On the other hand, Seth Borenstein, writing for The Associated Press, claims an entirely different interpretation of the data. He says, “Thirty years later, it’s clear that Hansen and other doomsayers were right. Earth is noticeably hotter, the weather stormier and more extreme. Polar regions have lost billions of tons of ice; sea levels have been raised by trillion of gallons of water. Far more wildfires rage.”

Borenstein claims the world’s annual temperature has warmed nearly 1 degree and the temperature in the U.S. has gone up even more – nearly 1.6 degrees.

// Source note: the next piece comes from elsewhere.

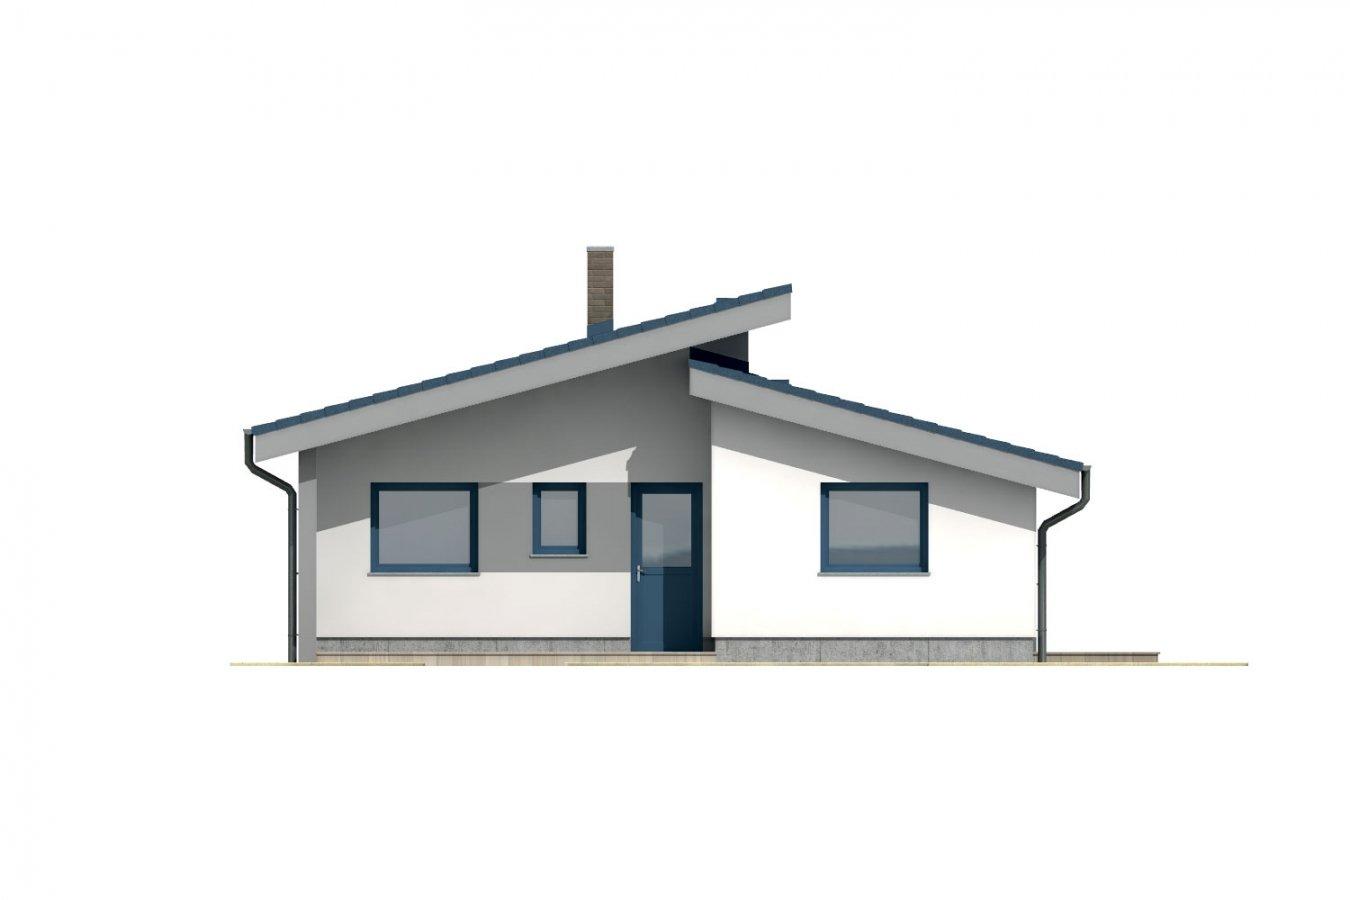 Pohľad 1. - Rodinný dom s pultovou strechou.

Two totally different points of view from observations of the same data.

What are the backgrounds of these different writers?

Seth Borenstein is a journalism professor for New York University and a science writer for The Associated Press.

Patrick J. Michaels has a PhD in ecological climatology from The University of Wisconsin – Madison. His doctoral thesis was entitled Atmospheric anomalies and crop yields in North America. He is a senior fellow in environmental studies at The Cato Institute.

Ryan Maue has a PhD in meteorology from Florida State University and was awarded a National Research Council postdoctoral associateship at the Naval Research Lab in Monterey, California where he focused on global weather prediction and verification. He is also a research meteorologist and adjunct scholar at the Cato Institute.

Who is correct? Their scientific credentials should help you decide.